National Institutes of Health, Public Health Service, HHS.
This is notice, in accordance with 35 U.S.C. 209(c)(1) and 37 CFR part 404.7(a)(1)(i), that the National Institutes of Health, Department of Health and Human Services, is contemplating the grant of an exclusive patent license to practice the inventions embodied in the following U.S. Patent Applications to Systems Medicine, Inc., which is located in Tucson, Arizona.
1. PCT Patent Application No. PCT/US2006/031814 entitled “Human Monoclonal Antibodies that Specifically Bind IGF-II” [HHS Ref. Nos. E-217-2005/0, 1, and 2]; and
2. PCT Application Serial No. PCT/US2007/66180 entitled “Human IGF-I-Specific and IGF-I and IGF-II Cross-Reactive Human Monoclonal Antibodies” [HHS Ref. No. E-336-2005/0].
The patent rights in these inventions have been assigned to the United States of America.
The prospective exclusive license territory may be worldwide and the field of use may be limited to the use of the antibodies and their method of use in the Licensed Patent Rights for the treatment of human cancers
Only written comments and/or applications for a license which are received by the NIH Office of Technology Transfer on or before August 11, 2008 will be considered.
Requests for copies of the patent application, inquiries, comments, and other materials relating to the contemplated exclusive license should be directed to: Whitney Hastings, PhD, Technology Licensing Specialist, Office of Technology Transfer, National Institutes of Health, 6011 Executive Boulevard, Suite 325, Rockville, MD 20852-3804; Telephone: (301) 451-7337; Facsimile: (301) 402-0220; E-mail: firstname.lastname@example.org.End Preamble Start Supplemental Information
The type 1 insulin-like growth factor (IGF) receptor (IGF1R) is over-expressed by many tumors and mediates proliferation, motility, and protection from apoptosis. Agents that inhibit IGF1R expression or function can potentially block tumor growth and metastasis. Its major ligand, IGF-II, is over-expressed by multiple tumor types. Previous studies indicate that inhibition of IGF-II binding to its cognizant receptor negatively modulates signal transduction through the IGF pathway and concomitant cell growth. Therefore, use of humanized or fully human antibodies against IGFs represents a valid approach to inhibit tumor growth.

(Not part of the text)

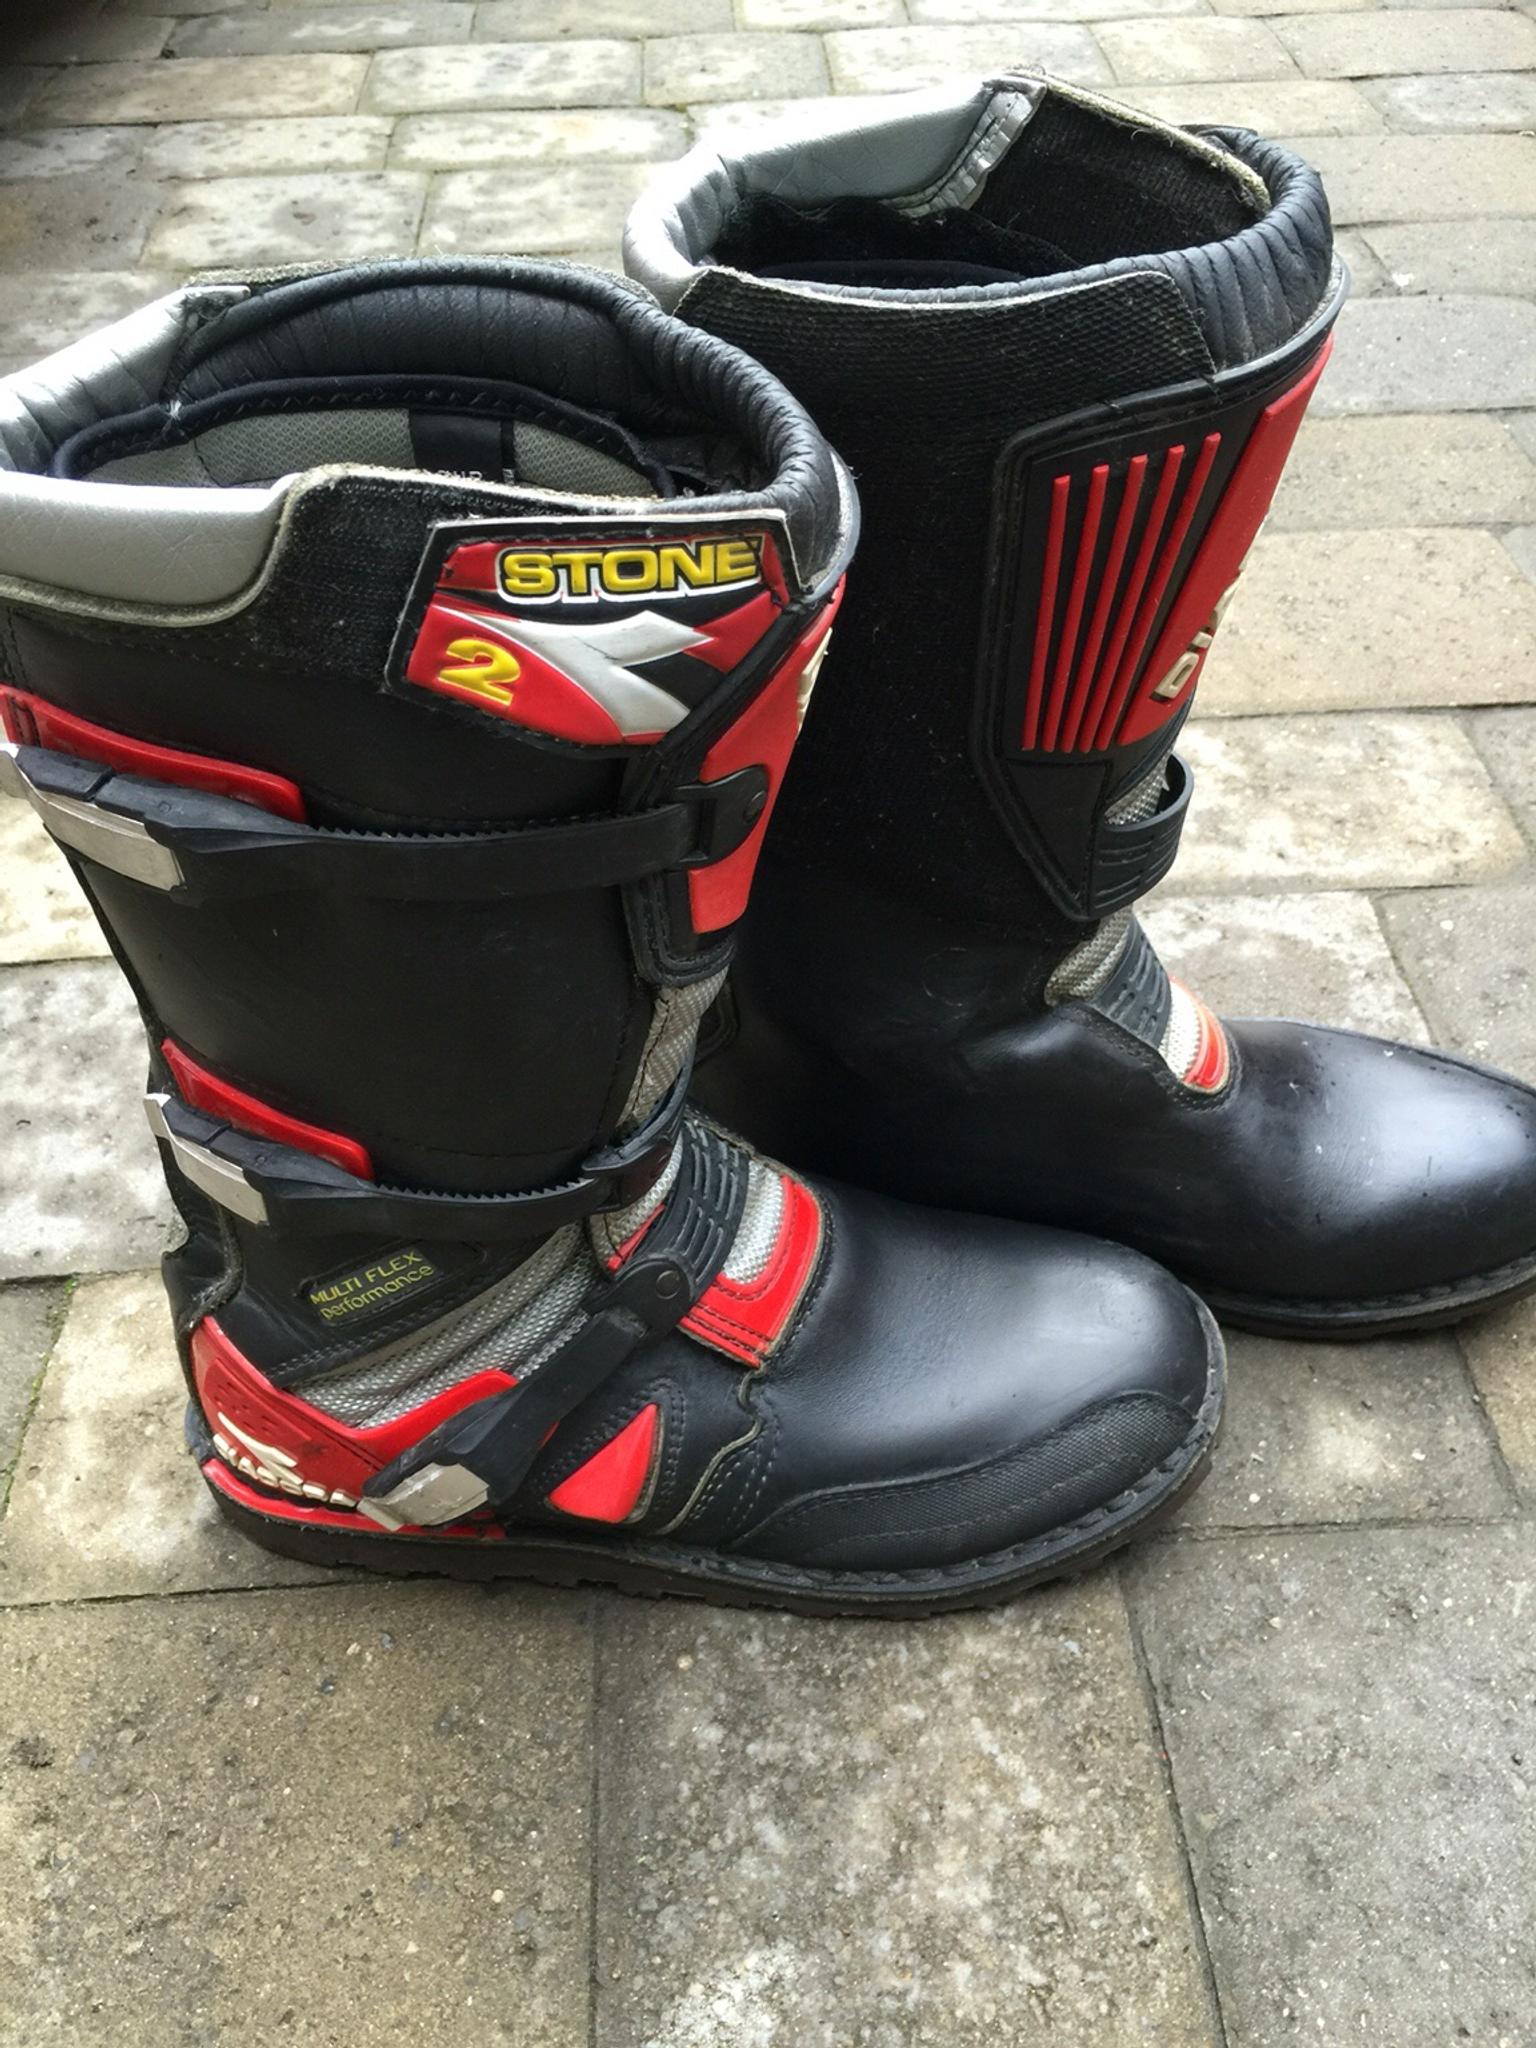 Diadora Trials boots stone2 size eu45

The above identified patent applications relate to the identification of multiple, novel fully human monoclonal antibodies that are specific for IGF-II and do not cross-react with IGF-1 or insulin and identification and characterization of three (3) novel fully human monoclonal antibodies designated m705, m706, and m708, which are specific for insulin-like growth factor (IGF)-I. Two (2) of the three (3) antibodies, m705 and m706 are specific for IGF-I and do not cross react with IGF-II and insulin while, m708 cross reacts with IGF-II.
These antibodies can be used to prevent binding of IGF-I to its concomitant receptor IGFIR, consequently, modulating diseases such as cancer. Additional embodiments describe methods for treating various human diseases associated with aberrant cell growth and motility including breast, prostate, and leukemia carcinomas. Thus, these novel antibodies may provide a therapeutic intervention for multiple carcinomas without the negative side effects associated with insulin inhibition.

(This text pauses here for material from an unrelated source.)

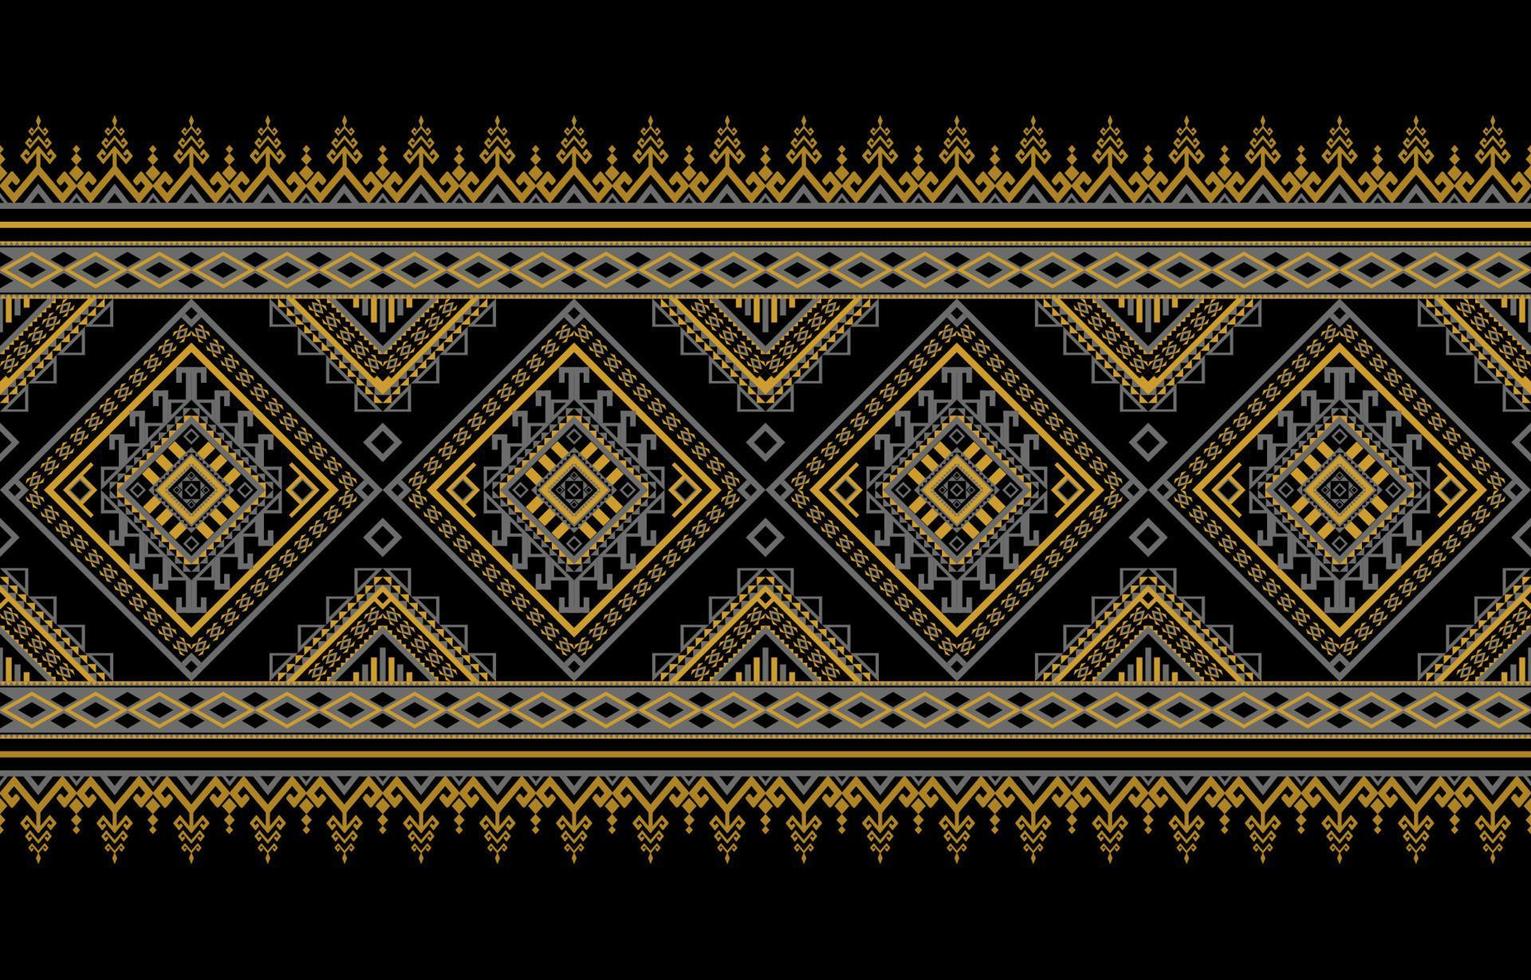 design tradicional de padrão oriental étnico geométrico para plano de fundo, tapete, papel de parede, roupas, embrulho, batic, tecido, estilo de illustraion.embroidery de vetor. vetor

The prospective exclusive license will be royalty bearing and will comply with the terms and conditions of 35 U.S.C. 209 and 37 CFR part 404.7. The prospective exclusive license may be granted unless within sixty (60) days from the date of this published notice, the NIH receives written evidence and argument that establishes that the grant of the license would not be consistent with the requirements of 35 U.S.C. 209 and 37 CFR 404.7.
Applications for a license in the field of use filed in response to this notice will be treated as objections to the grant of the contemplated exclusive license. Comments and objections submitted to this notice will not be made available for public inspection and, to the extent permitted by law, will not be released under the Freedom of Information Act, 5 U.S.C. 552.Start Signature
Dated: May 30, 2008.
Steven M. Ferguson,
Director, Division of Technology Development and Transfer, Office of Technology Transfer, National Institutes of Health.